CA-3′, A: 5′-CGCTCCGAACAACGCGGCTAT-3′, probe: 5′- TTAGTGCAGCCAACGCGGCCGCG; the primers and probes of CFP10 are as follows: S: 5′- AAGCAGCCAATAAGCAGAAGC-3′, A: 5′- AGCCCATTTGCGAGGACA-3′, probe: 5′-GACGAATATTCGTCAGGCCGG-3′; and the primers and probes of EAST6 are as follows: S: 5′-CGTCCATTCATTCCCTCCTT-3′, A: 5′-TACGCCTCCGAACCGCTA-3′, Probe :5′-AAGCAGTCCCTGACCAAGCTCGCA-3′. The probes were marked with FAM at 5′ terminal and BQ1 at 3′ terminal. The amplification reaction included the following components: 10 μl of 2 × TaqMan Gene Expression Master Mix (Invitrogen, Shanghai, China), 2 μl of 100 ng/μl whole-blood genomic DNA or plasmid DNA, 1 μl of 10 μM forward primer and reverse primer, 0.5 μl of 10 μM TaqMan probe, and ddH2O to a final volume of 20 μl. The following thermocycler parameters were used: 95 °C for 5 min, followed by 40 cycles at 95 °C for 15 s, and 60 °C for 1 min. The standard curves for CFP10, Rv1768 and EAST6 genes were generated using known concentrations of the pET28a-CFP10, pET28a-Rv1768, and pET28a-EAST6 plasmids, and the CT values (Step One Plus build-in software) of the blood samples were transformed to the target gene copy numbers, based on the standard curves. Each sample was analyzed in three repetitive wells in one experiment, and each experiment was repeated three times.

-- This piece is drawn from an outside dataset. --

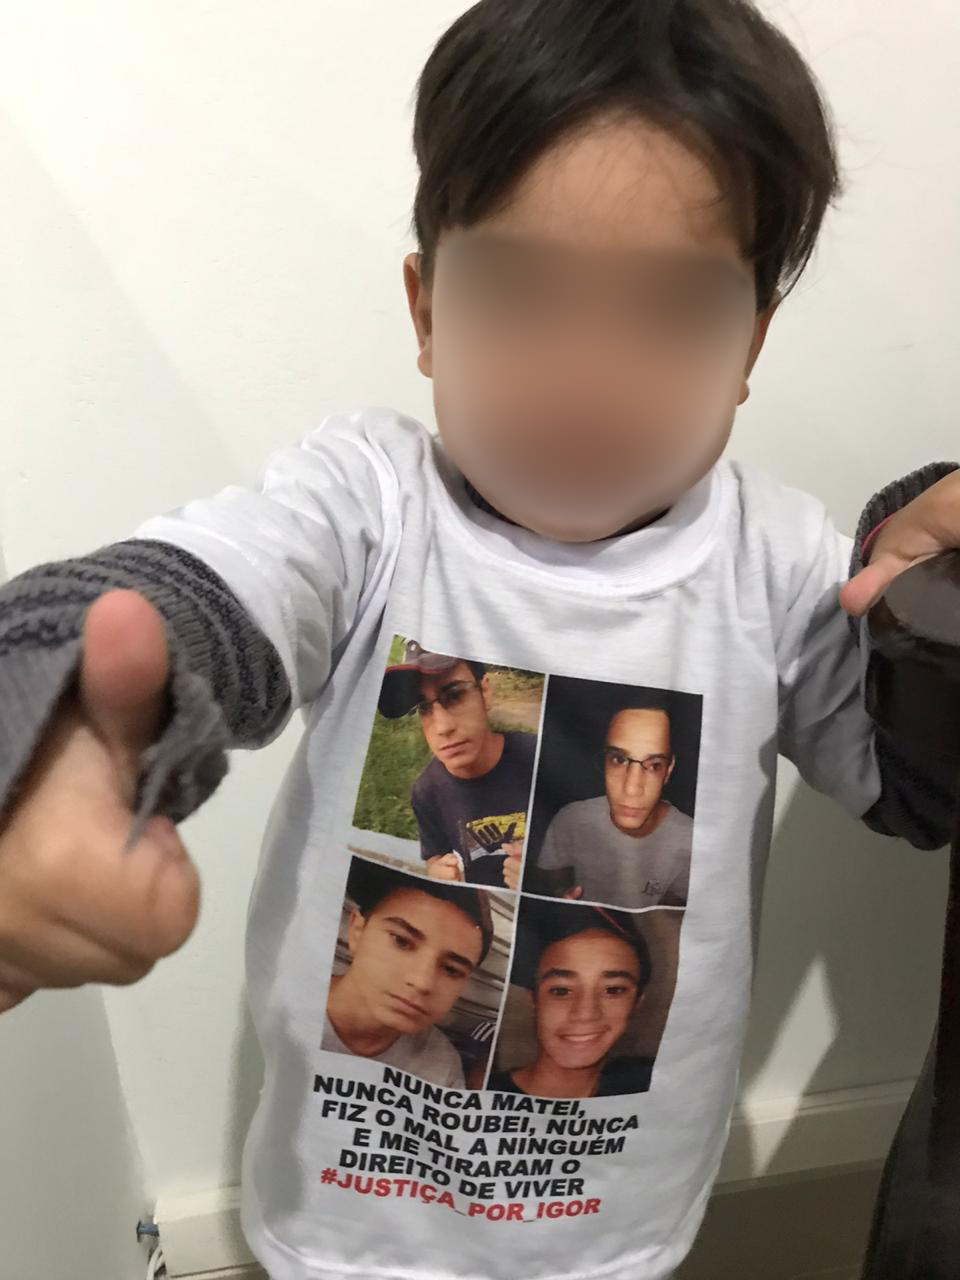 Após a morte de Igor, amigos e parentes participaram de uma manifestação pedindo justiça, e vestiram camisetas em homenagem ao jovem - Foto: arquivo pessoal /cedida por familiares
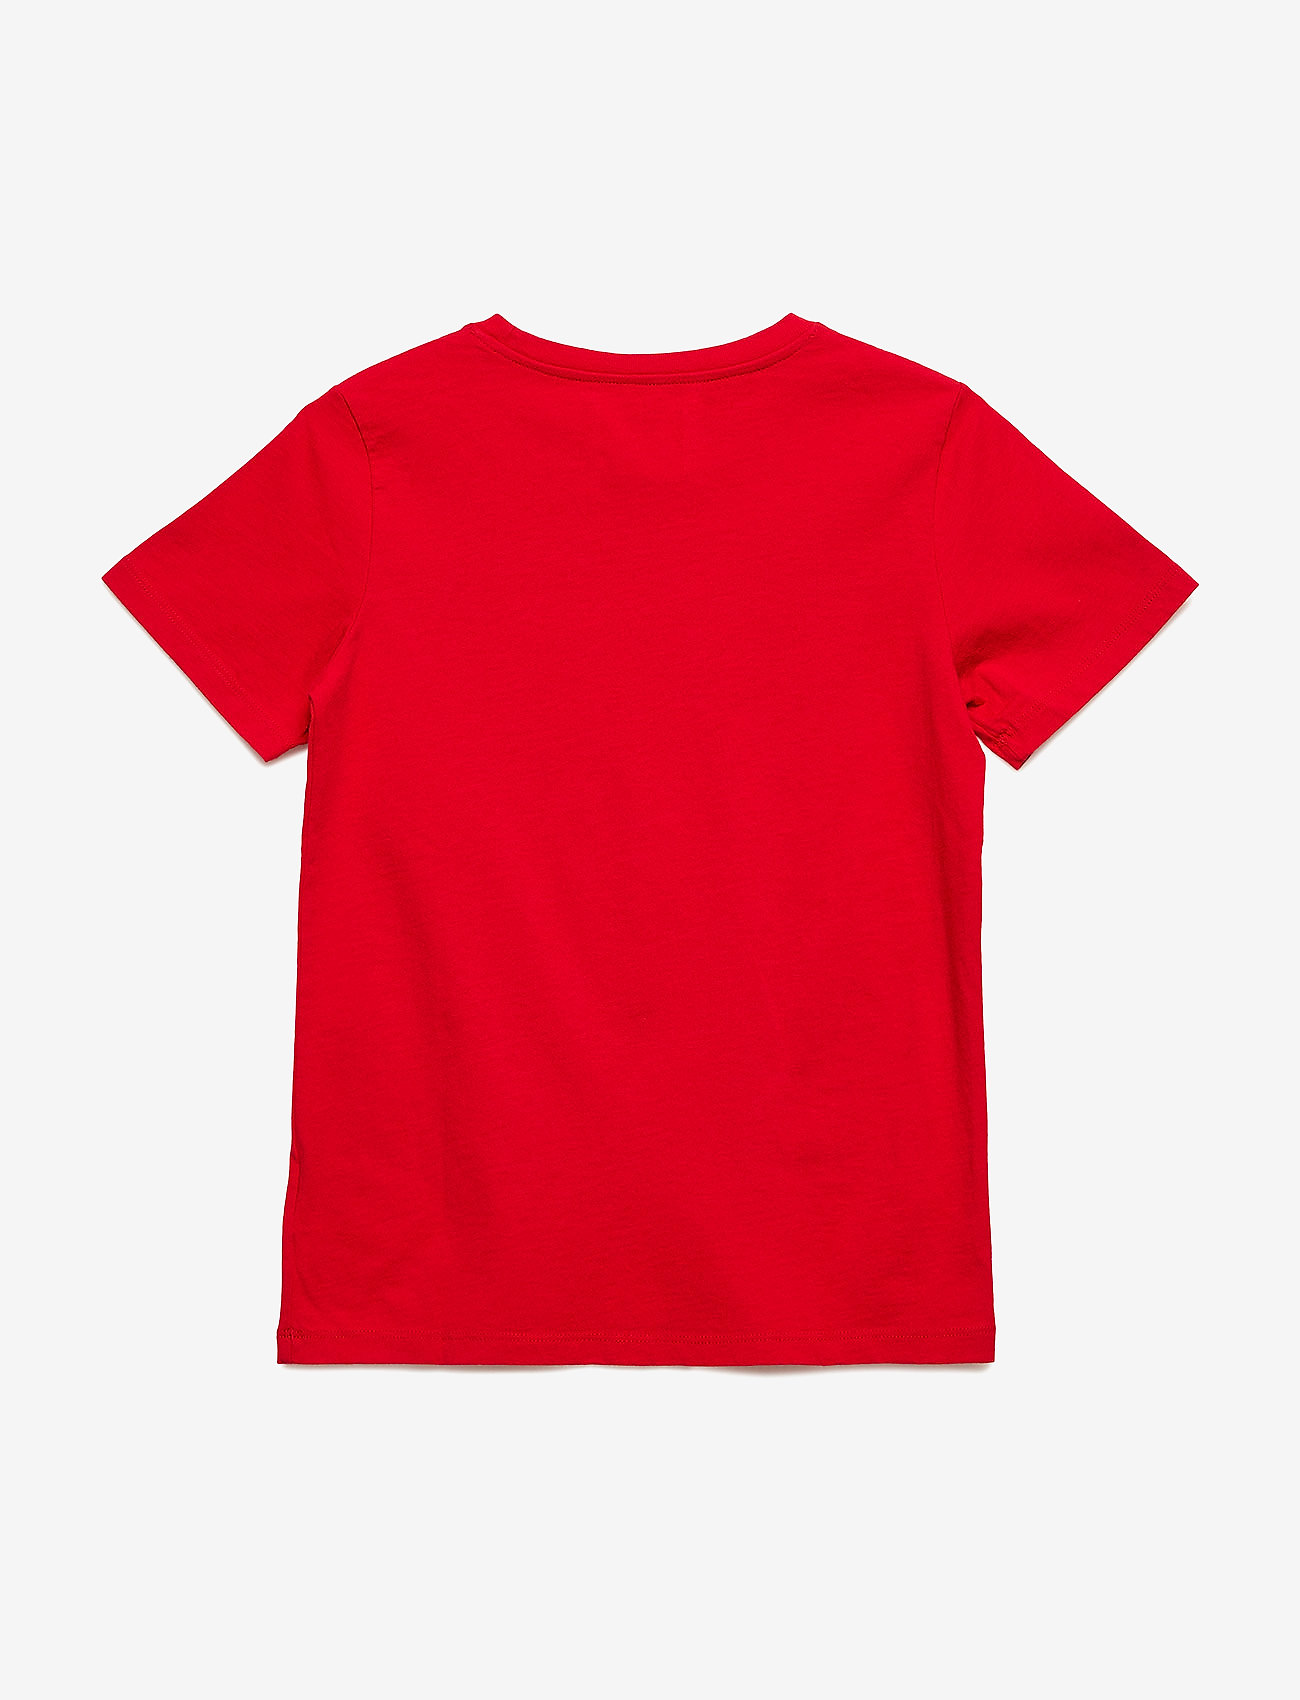 Wood Wood - Ola kids T-shirt GOTS - red - 1

Droplet digital PCR (ddPCR)

Next, CFP10 and Rv1768 DNA copy numbers were quantified in the same samples using the QX100™ Droplet Digital™ PCR system (Bio-Rad, CA, USA). The 20 μl ddPCR mixture comprised of 10 μl of 2 × ddPCR Supermix (Bio-Rad, CA, USA), 1.0 μl of 10 μM sense and antisense primer, 0.5 μl of 10 μM probe, 2 μl of 100 ng/μl whole-blood genomic DNA or plasmid DNA, and RNase/DNase-free water to a final volume of 20 μl. The mixture was placed into the DG8 cartridge with 70 μl of droplet generation oil (Bio-Rad, CA, USA), and the droplets were formed in the droplet generator (Bio-Rad, CA, USA). Subsequently, the droplets were transferred to a 96-well PCR plate (Eppendorf, Hamburg, Germany), and PCR amplification was performed on a S1000 thermalcycler (Bio-Rad, CA, USA) using the following parameters: 95 °C for 5 min, followed by 40 cycles at 95 °C for 30 s and 60 °C for 60 s, with a final hold for 10 min at 98 °C. After amplification, the plate was loaded on the droplet reader (Bio-Rad, CA, USA), and the droplets from each well of the plate were automatically read at a rate of 32-wells per hour. The ddPCR data were analyzed using QuantaSoft analysis software (Bio-Rad, CA, USA), and the quantification of the target genes is presented as the number of copies per μl in PCR mixture. The recombinant plasmids were used as templates to draw the standard curves.

Statistical methods

SPSS17.0 statistical analysis software was used to analyze the data. T test and ANOVA were used to compare the differences between each group. Differences were considered statistically significant for p values <0.05.